-- INFORMATION SUPPLIED follows --

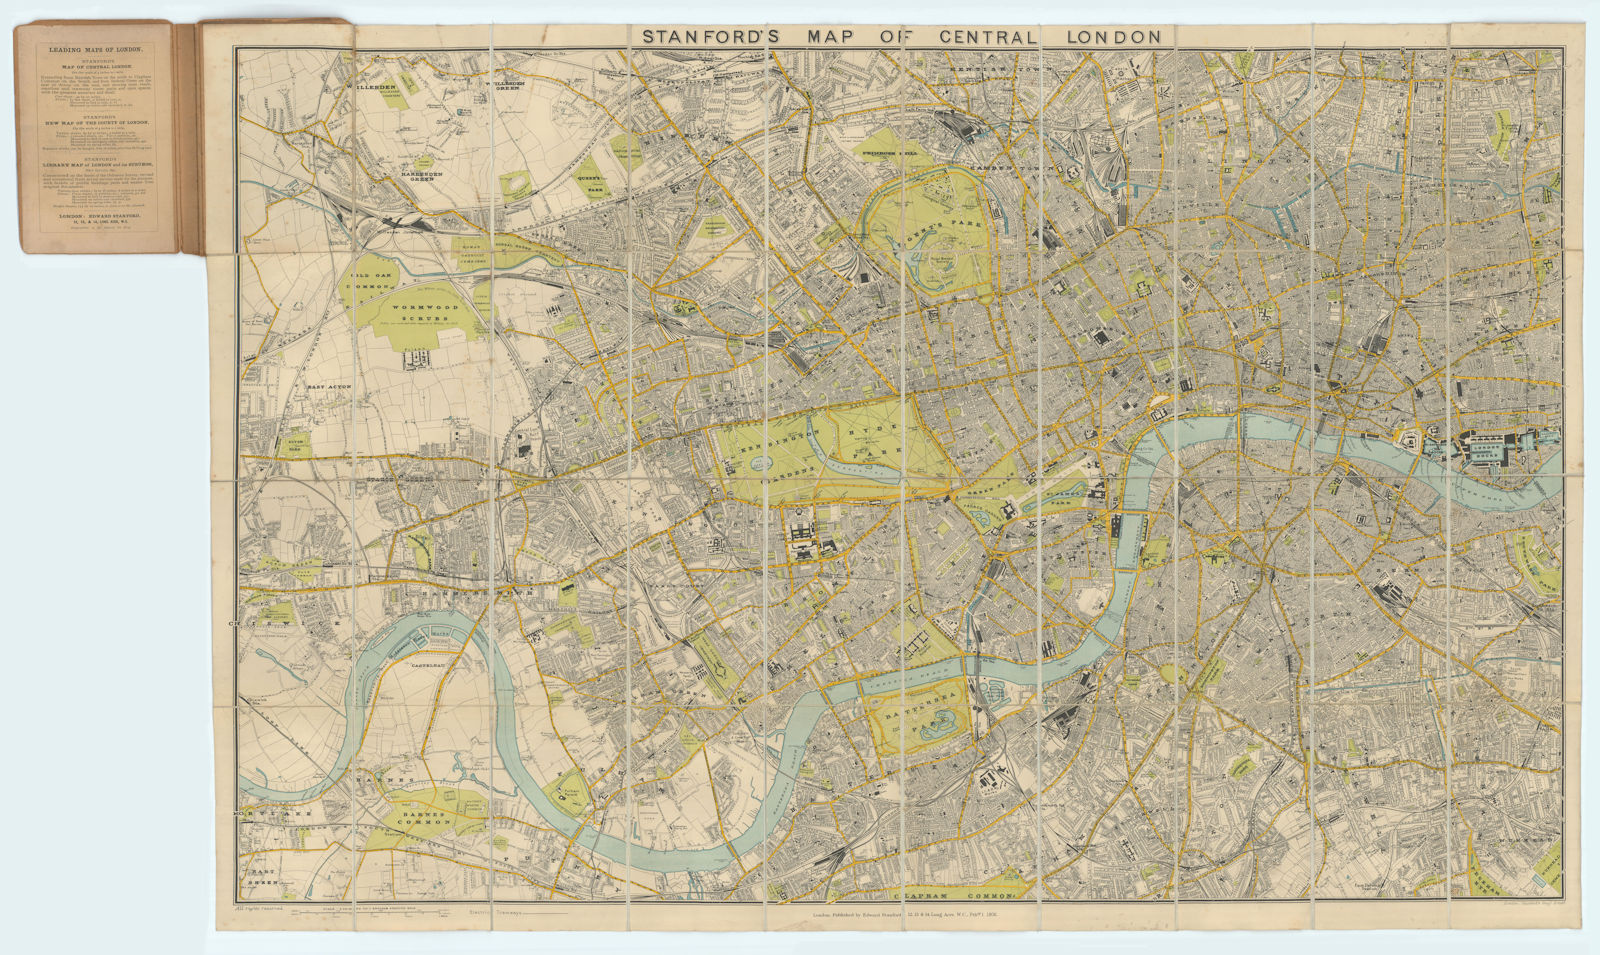 Associate Product Stanford's Map of Central London. Folding, linen-backed antique city plan 1905
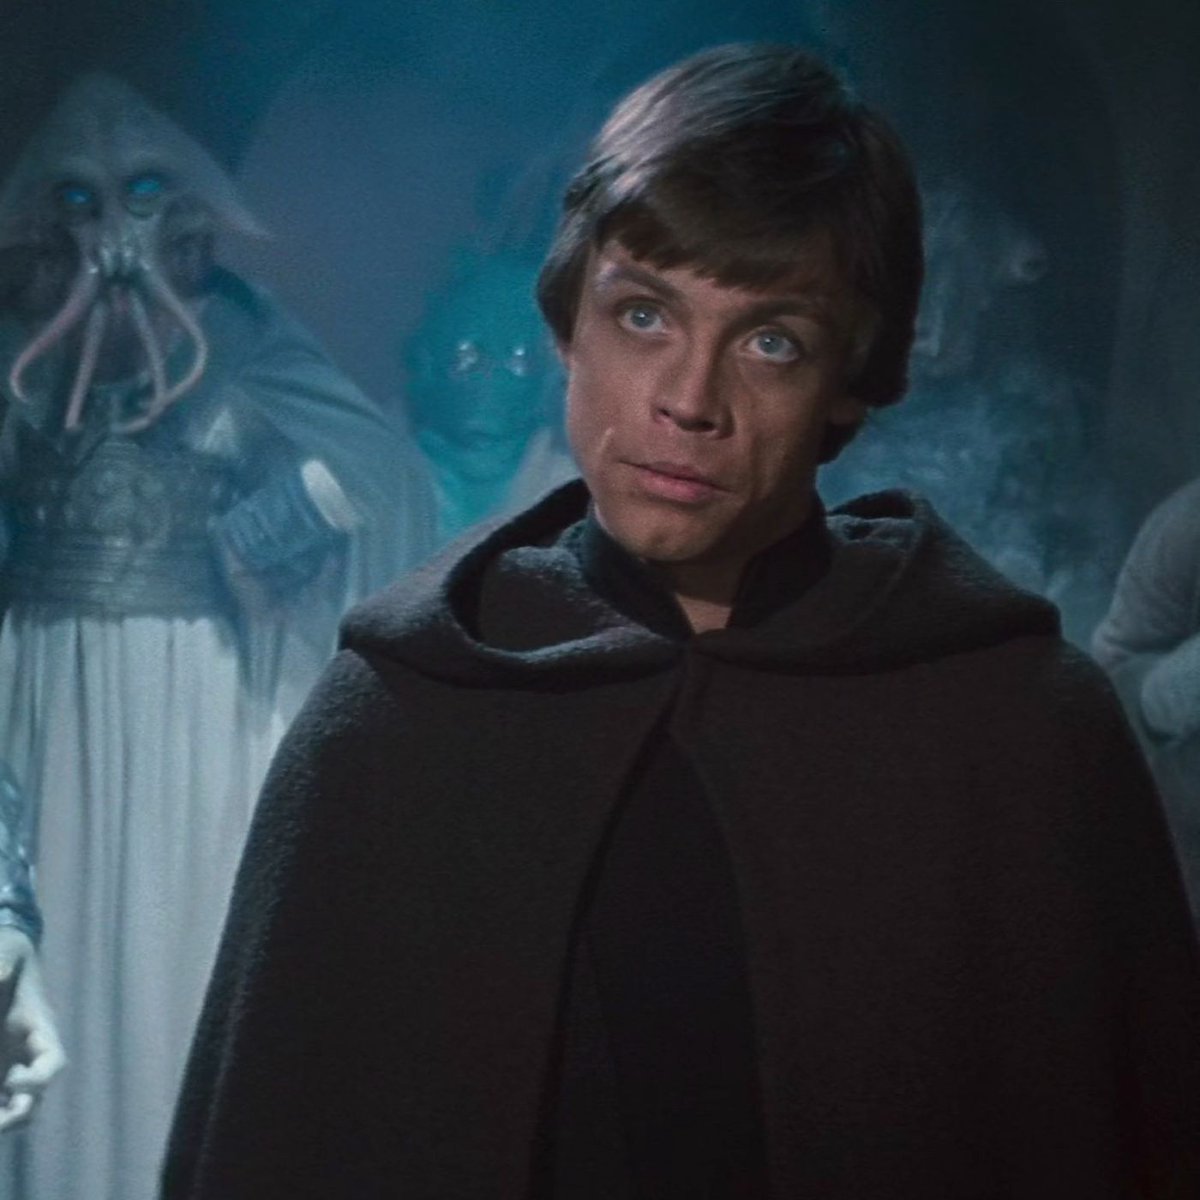 Luke has the ugliest hairstyle in ROTJ like what is that now
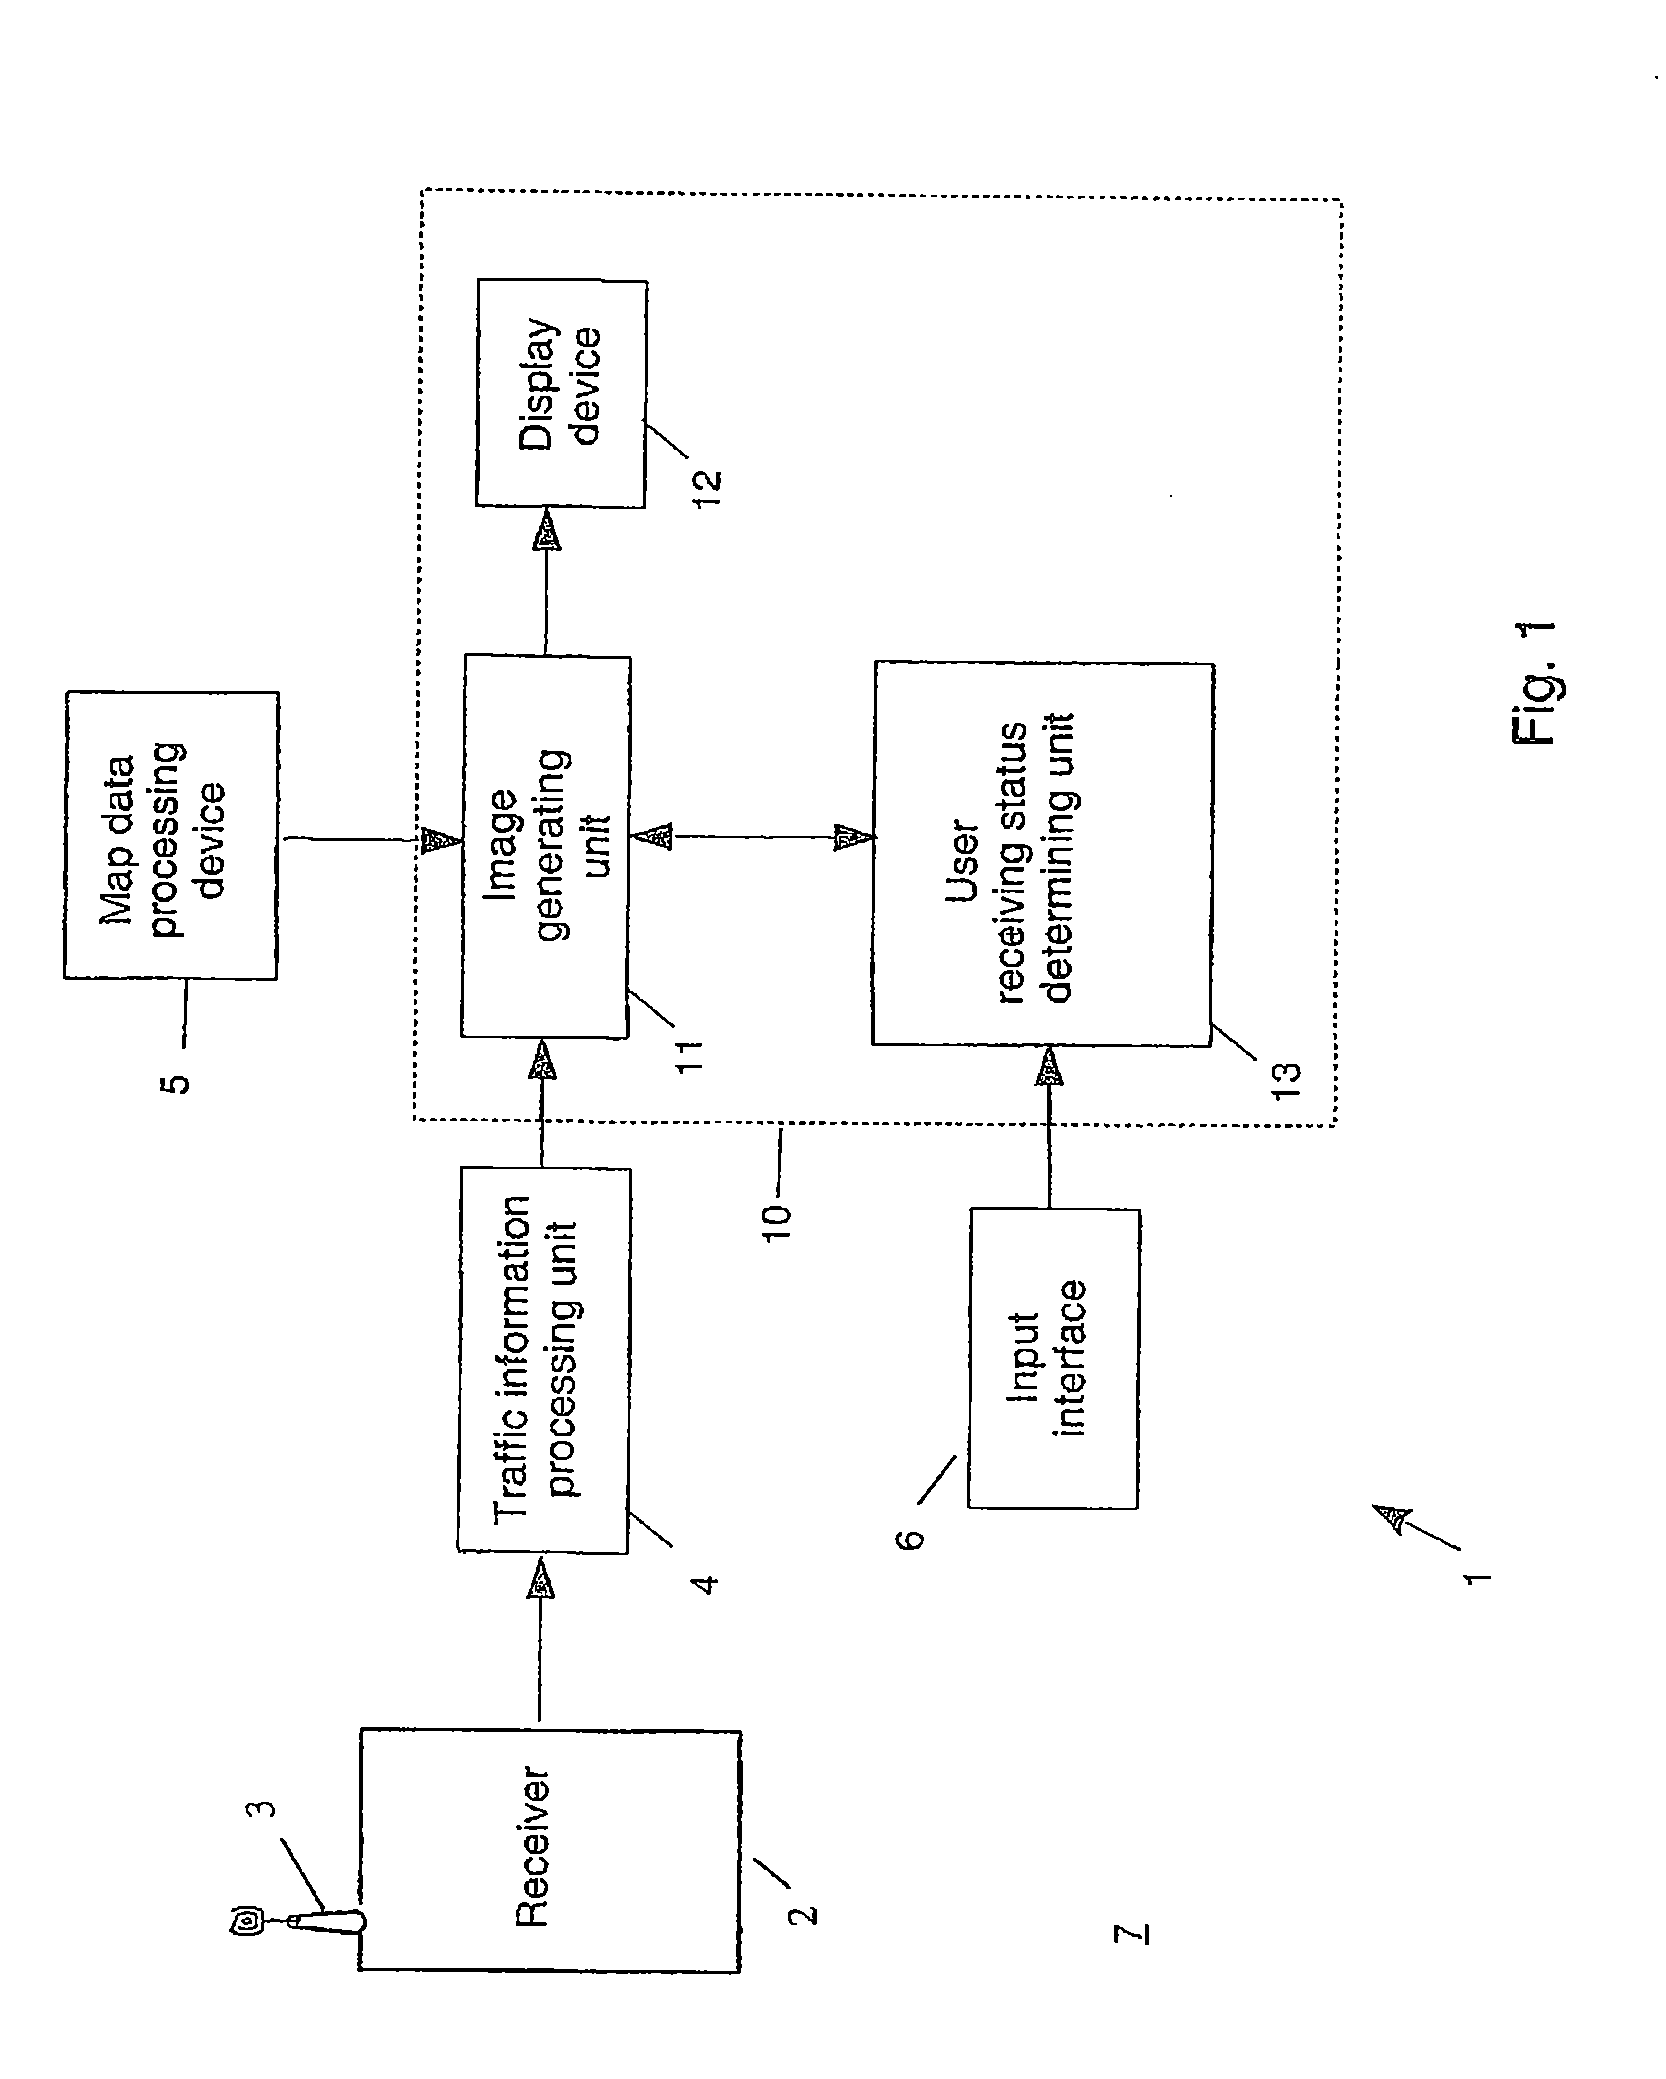 Traffic information display system and method of displaying traffic information on a display device

-- INFORMATION SUPPLIED concluded --

_EXERCISE PROMPT_
Output the material word for word. Pictures do not go in.

_RESPONSE FOR THIS EXERCISE_
 Associate Product Stanford's Map of Central London. Folding, linen-backed antique city plan 1905
 Luke has the ugliest hairstyle in ROTJ like what is that now
 Traffic information display system and method of displaying traffic information on a display device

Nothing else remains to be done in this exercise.